Logistikdaten in Gemeinden Eine Dokumentation von Praxiserfahrungen und Anwendungen des Leitfadens „Logistik in Zahlen“ in Gemeinden
Die Gestaltung nachhaltiger und lebenswerter Städte und Gemeinden erfordert eine effiziente und klimaverträgliche Organisation des Güter- und Wirtschaftsverkehrs. Während für den Personenverkehr bereits umfangreiche Datengrundlagen zur Verfügung stehen, fehlen Gemeinden häufig belastbare Informationen über innerörtliche Logistikprozesse. Gleichzeitig gewinnen Themen wie Lieferverkehr, Baustellenlogistik, Entsorgungsverkehre, Klimaschutz, Verkehrssicherheit und Aufenthaltsqualität zunehmend an Bedeutung. Eine datenbasierte Betrachtung logistischer Aktivitäten bildet daher eine wesentliche Grundlage für fundierte kommunale Planungs- und Entscheidungsprozesse.

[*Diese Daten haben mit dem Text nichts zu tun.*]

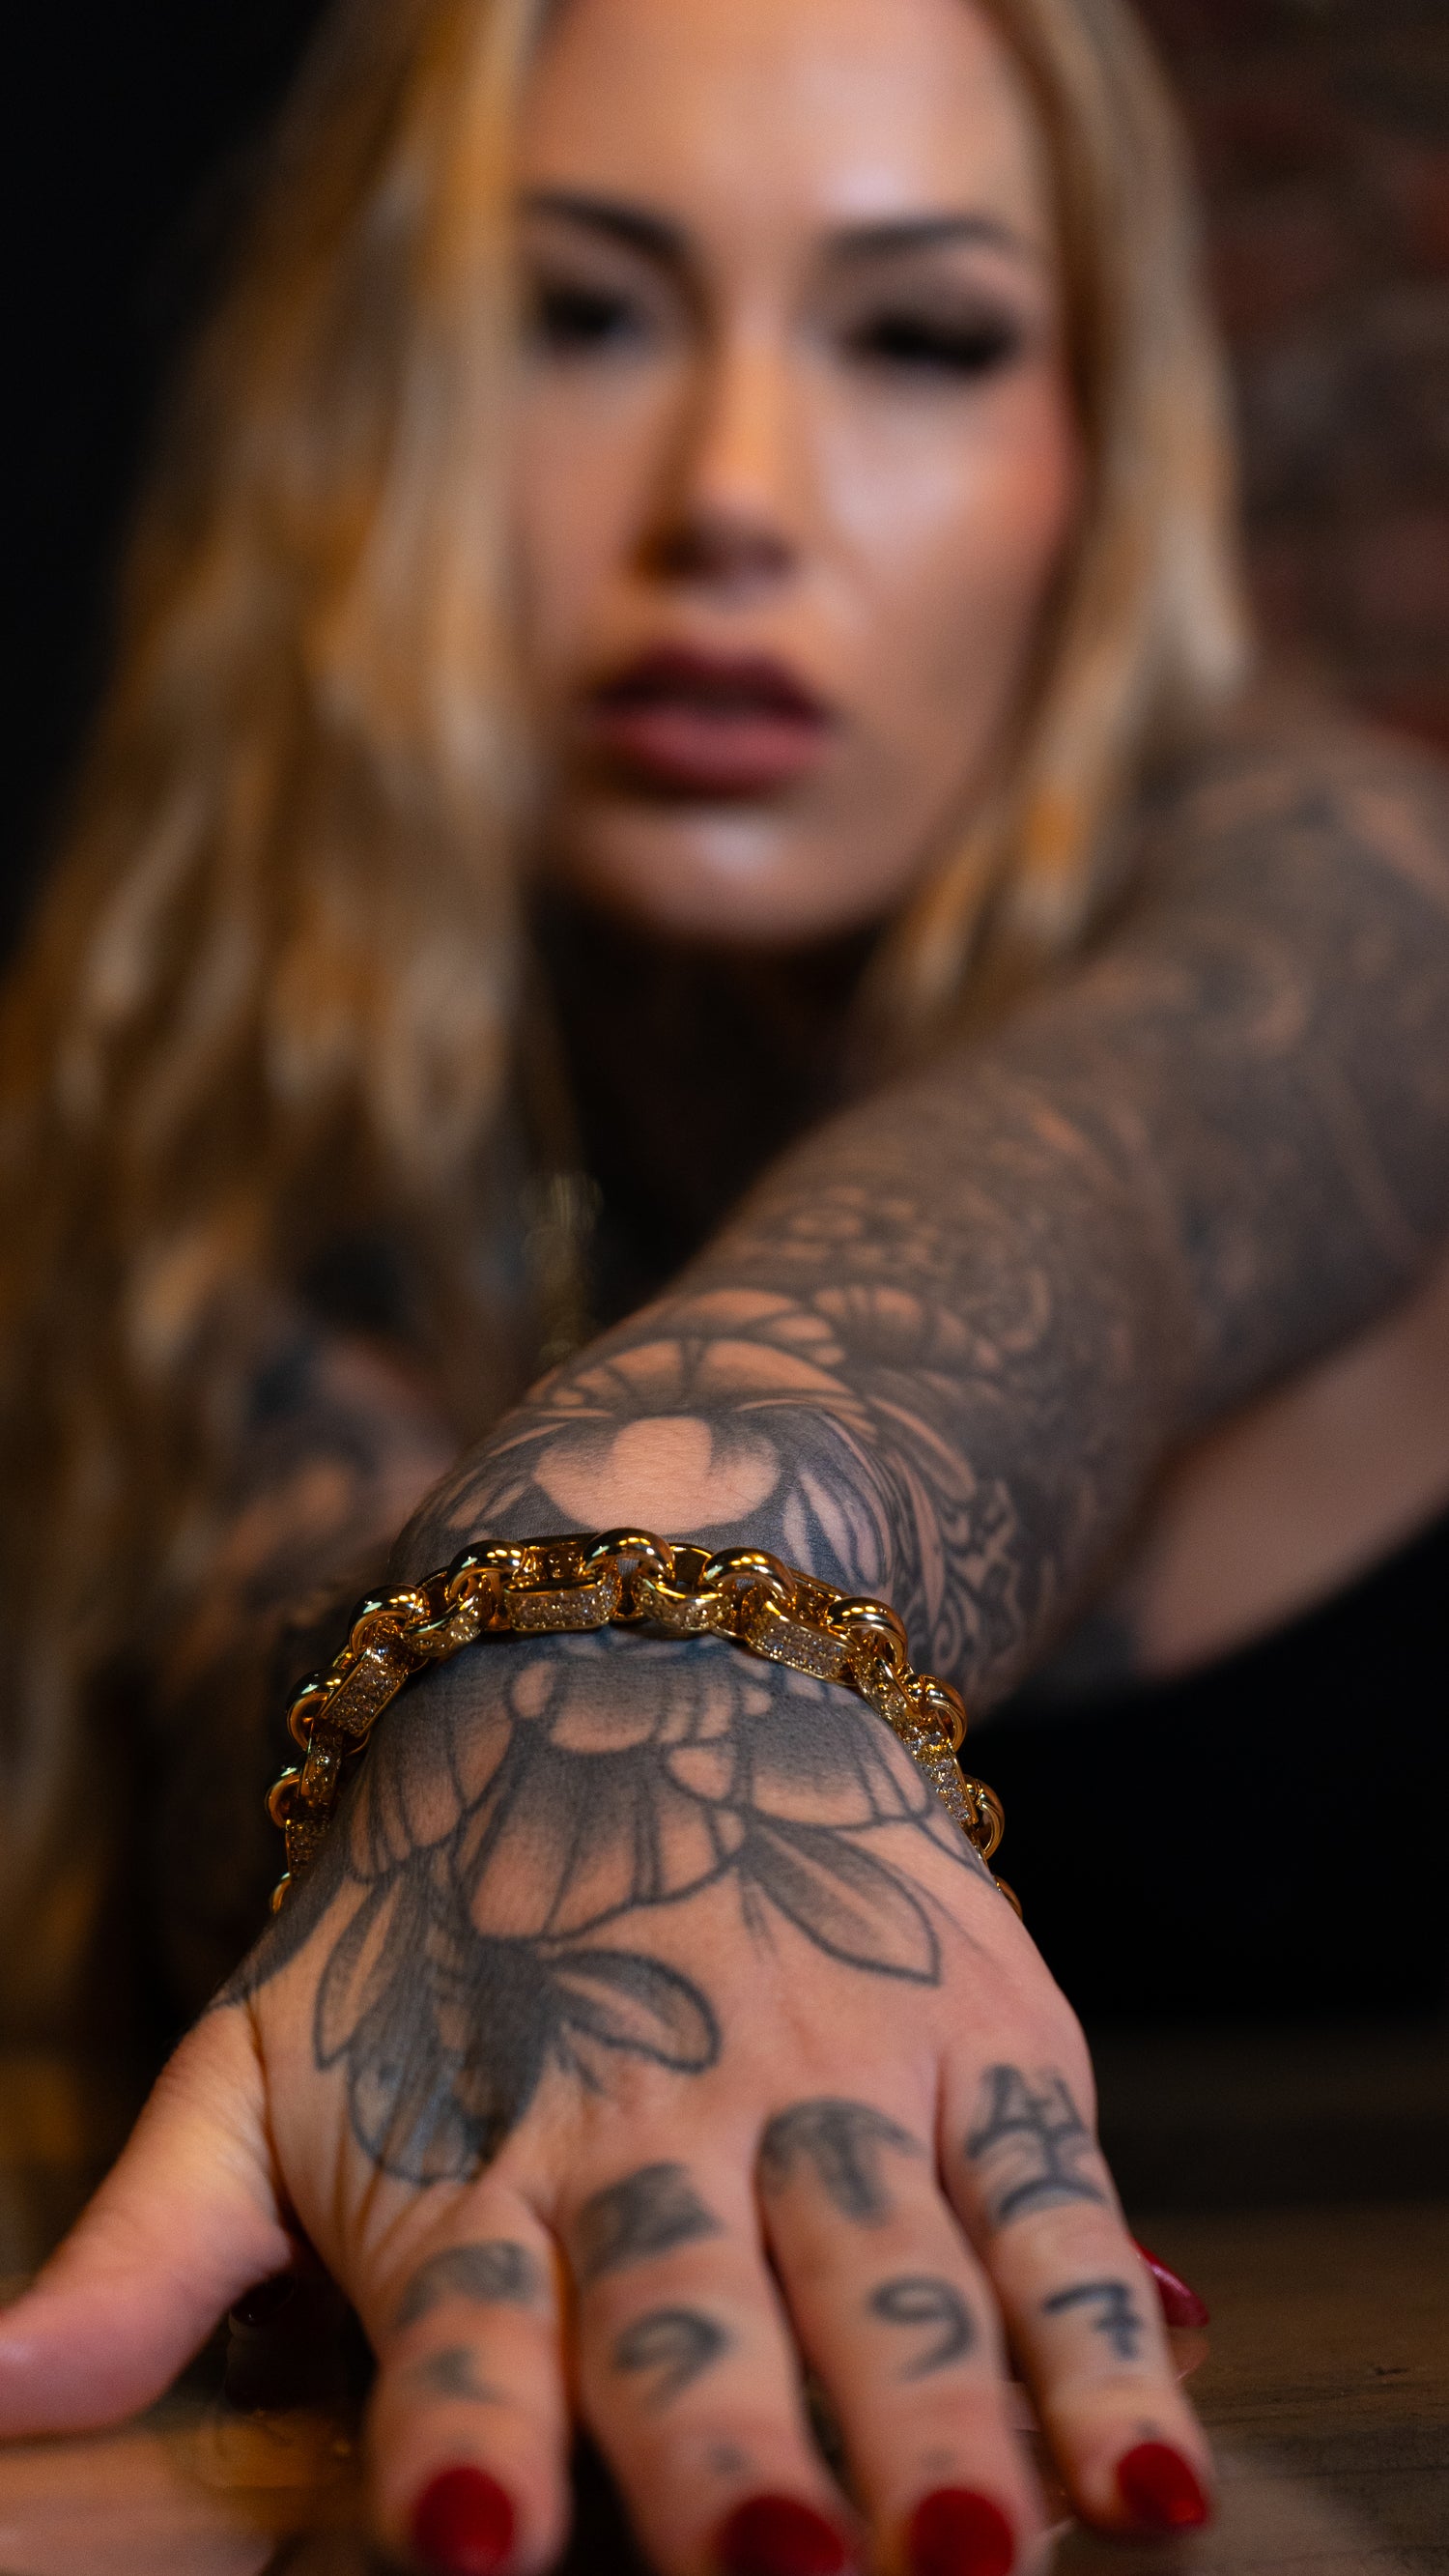 Luxury Gold 10mm 8 inch Gypsy Link Belcher Bracelet

Vor diesem Hintergrund wurde 2025 der vorliegende Leitfaden entwickelt. Er unterstützt Gemeinden dabei, vorhandene Logistikdaten systematisch zu erfassen, geeignete Erhebungsmethoden auszuwählen und langfristig eine datenbasierte Sicht auf kommunale Logistik zu etablieren. Diese Publikation dokumentiert erstmals die praktische Anwendung des Leitfadens in österreichischen Gemeinden und zeigt Vorgehensweisen, Erfahrungen sowie Empfehlungen für die Umsetzung auf.
Die Bedeutung kommunaler Logistikdaten spiegelt sich auch in der im Juni 2026 veröffentlichten Logistikstandortstrategie des Bundesministeriums wider. Mehrere der darin formulierten Maßnahmen setzen unmittelbar bei datenbasierten Entscheidungsgrundlagen an, allen voran Maßnahmen im Themenfeld Digitalisierung und Daten. Der Leitfaden „Logistik in Zahlen“ und die vorliegenden Praxiserfahrungen in „Logistikdaten in Gemeinden“ zeigen in diesem Zusammenhang, wie Gemeinden niederschwellig Zugang zu hochwertigen Logistikdaten erhalten und diese für konkrete Planungs- und Entscheidungsprozesse nutzen können.
Pilotanwendungen in Amstetten und Waidhofen an der Ybbs bestätigen die Praxistauglichkeit des Leitfadens und zeigen, dass bereits mit überschaubarem Aufwand wertvolle Erkenntnisse über das lokale Logistikgeschehen gewonnen werden können. Gleichzeitig wurde deutlich, dass in den Gemeinden bereits zahlreiche relevante Daten vorhanden sind, diese jedoch bislang nur eingeschränkt unter logistischen Fragestellungen genutzt oder miteinander verknüpft werden. Der Austausch zwischen den Pilotgemeinden und ausgewählten Follower Cities erwies sich dabei als wichtiger Erfolgsfaktor für den Wissenstransfer und die Identifikation weiterer Anwendungsfelder.